На экране одно за другим стали сменяться знакомые лица – неулыбчивые лица членов мейплтонского отделения «Виноватых». Мег, наряду с другими Учениками, появилась почти в самом конце. Лори, поздравляя свою подопечную, стиснула ее ногу.
Мы – живые напоминания.
Двое Наблюдателей, мужчины, стояли на перроне железнодорожного вокзала и смотрели на элегантного бизнесмена, старательно делающего вид, будто их вообще не существует.
Мы не позволим забыть.
Двое Наблюдателей, женщины, шли по улице вслед за молодой матерью, толкавшей перед собой детскую коляску.
Мы будем ждать и наблюдать, доказывая,
что мы достойны выбора господа.
Вновь появились те же две фотографии, но со стертыми лицами Наблюдателей, блиставшими своим отсутствием.

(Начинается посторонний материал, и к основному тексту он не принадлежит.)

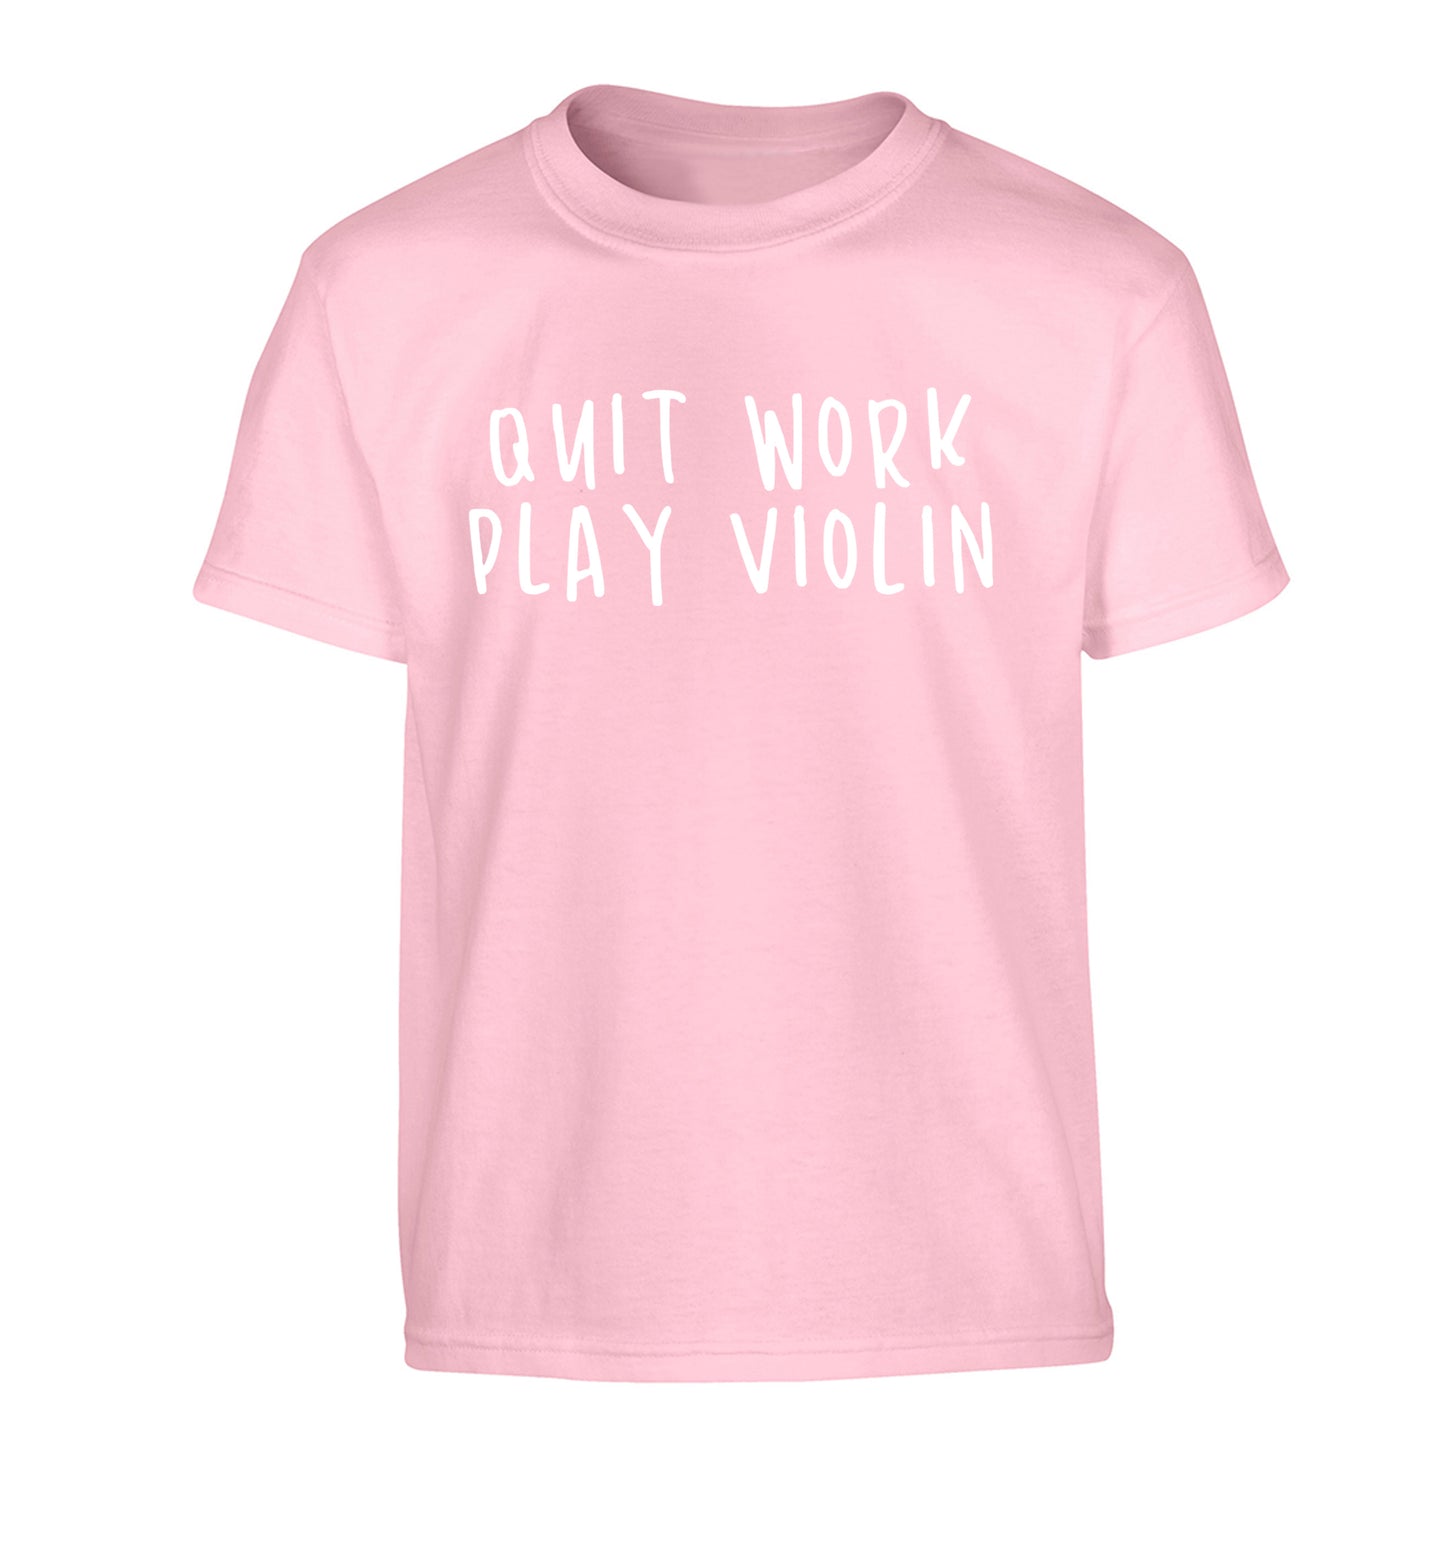 Quit work play violin Children's light pink Tshirt 12-13 Years

На этот раз мы не будем забыты.
Часы с тикающей секундной стрелкой.
Ждать осталось недолго.
Со стены на них с тревогой смотрел мужчина – немолодой, чуть одутловатый, не очень красивый.
Это – Фил Краутер. Фил – мученик.
Лицо Фила сменила фотография молодого бородатого парня с горящим, как у фанатика, взглядом.
Джейсон фальцоне – тоже мученик.
Лори покачала головой. Бедный мальчик. Он ведь едва ли старше ее сына.
Мы все готовы стать мучениками.
Лори беспокоила реакция Мег, но лицо у той было непроницаемо. Они обсуждали убийство Джейсона и понимали, что подвергают себя опасности каждый раз, когда покидают «поселение». Тем не менее, от слова «мученик» ее бросало в дрожь.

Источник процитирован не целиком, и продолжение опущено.